Toward a comprehensive understanding of seed masting: What do we need to complete the puzzle?
Seed masting (intermittent and synchronized seed production by a plant population) interests many researchers in plant ecology and silviculture. Several mechanistic hypotheses have been proposed to explain its patterns and causes both deductively (i.e., theoretically) and inductively (i.e., analyzing field data on plant reproduction, climatic data, and nutritional status). From the latter perspective, diverse findings have been presented in diverse fora, including this symposium. Clearly, effort is needed to integrate these findings in pursuit of a comprehensive understanding of masting that is consistent with theory.

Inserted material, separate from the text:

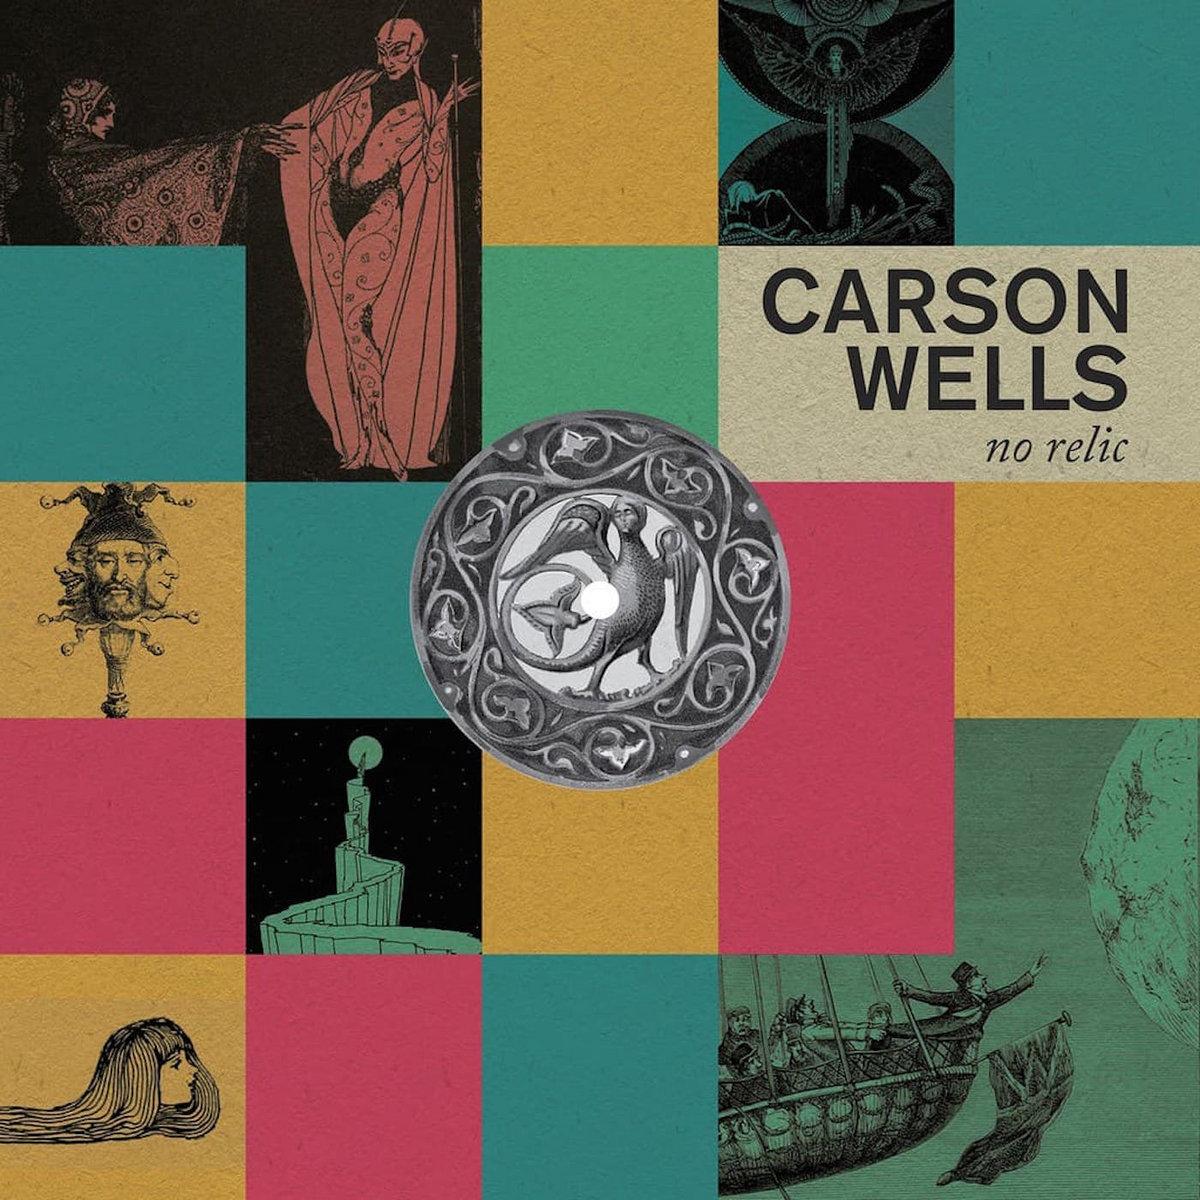 Carson Wells - No Relic [EP] (2018)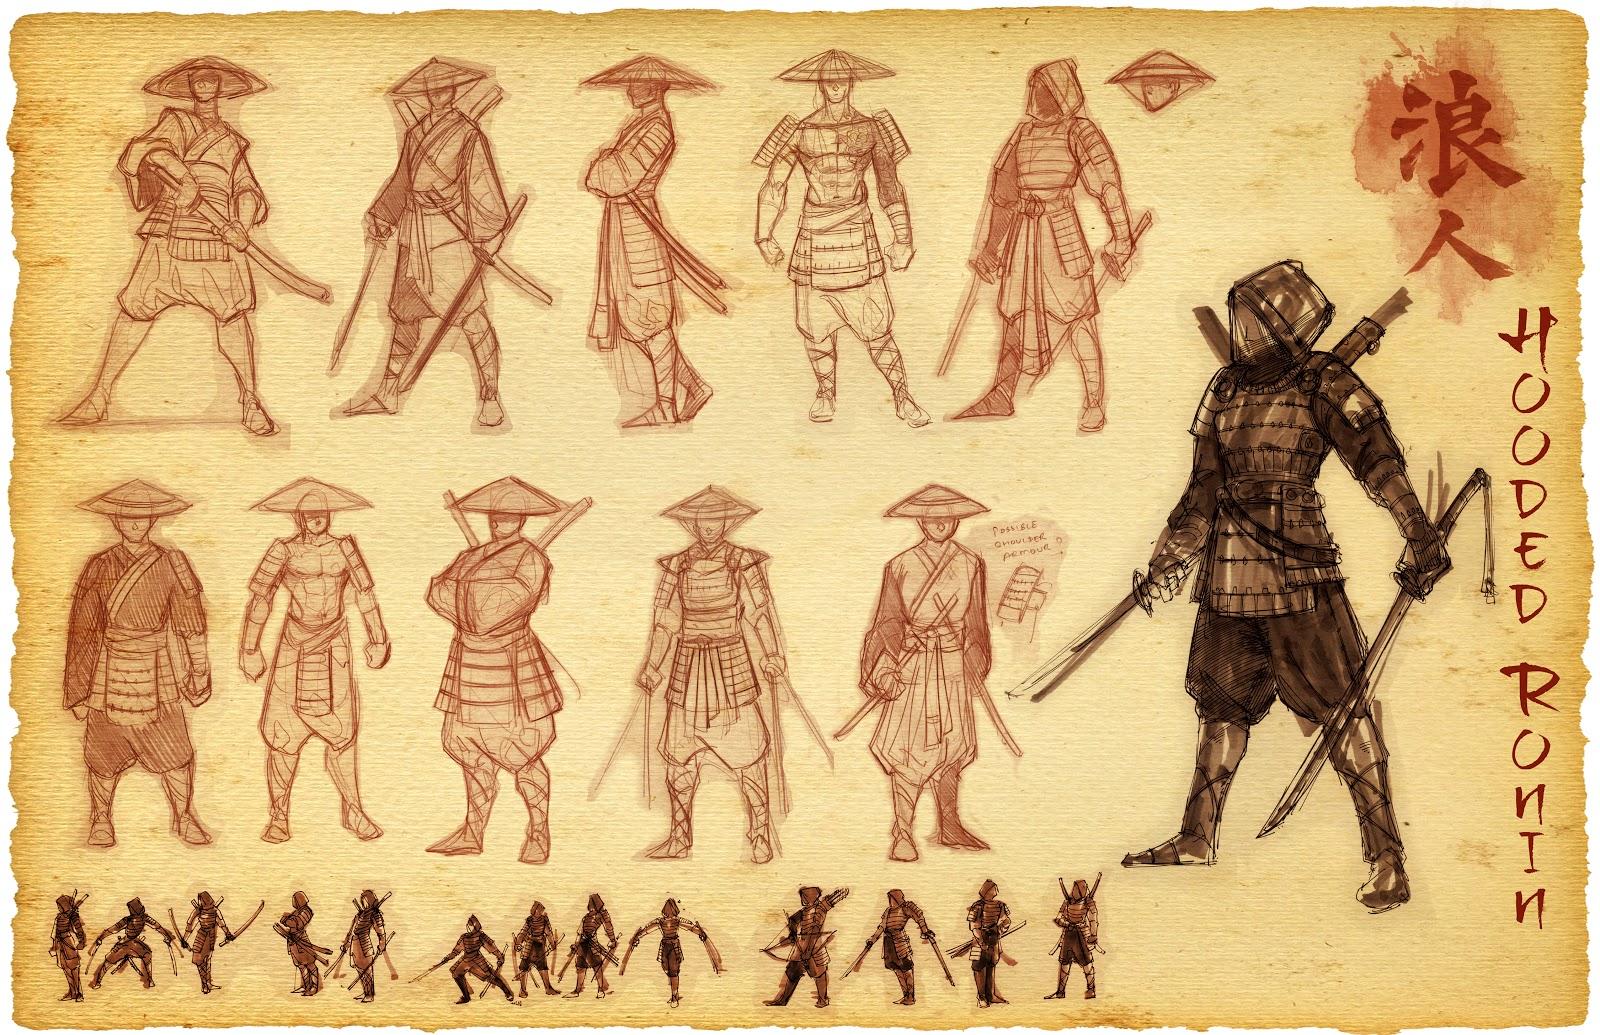 Drawn samurai hooded character ATOMIC Ronin Hooded Hooded Ronin

Higher temperatures or drought in the previous year are often proposed as proximate causes of masting. Recently, a ΔT model highlighted the predictive power of temperature differences between summers 1 and 2 years prior to masting, although the underlying mechanism was unclear. Meanwhile, nutritional conditions (e.g., levels of nitrogen, phosphorous) in the soil or wood can also influence masting. Here, I attempt to integrate these diverse findings into a single framework. Using the resource-budget model and predator satiation hypothesis as a basis, I argue that three pieces are necessary to complete the masting puzzle (taxon-specific flowering processes, ecosystem nutrient cycling, and the population of pre-dispersal predators) and that the diverse findings of the past reflect differences in the relative roles of these three pieces.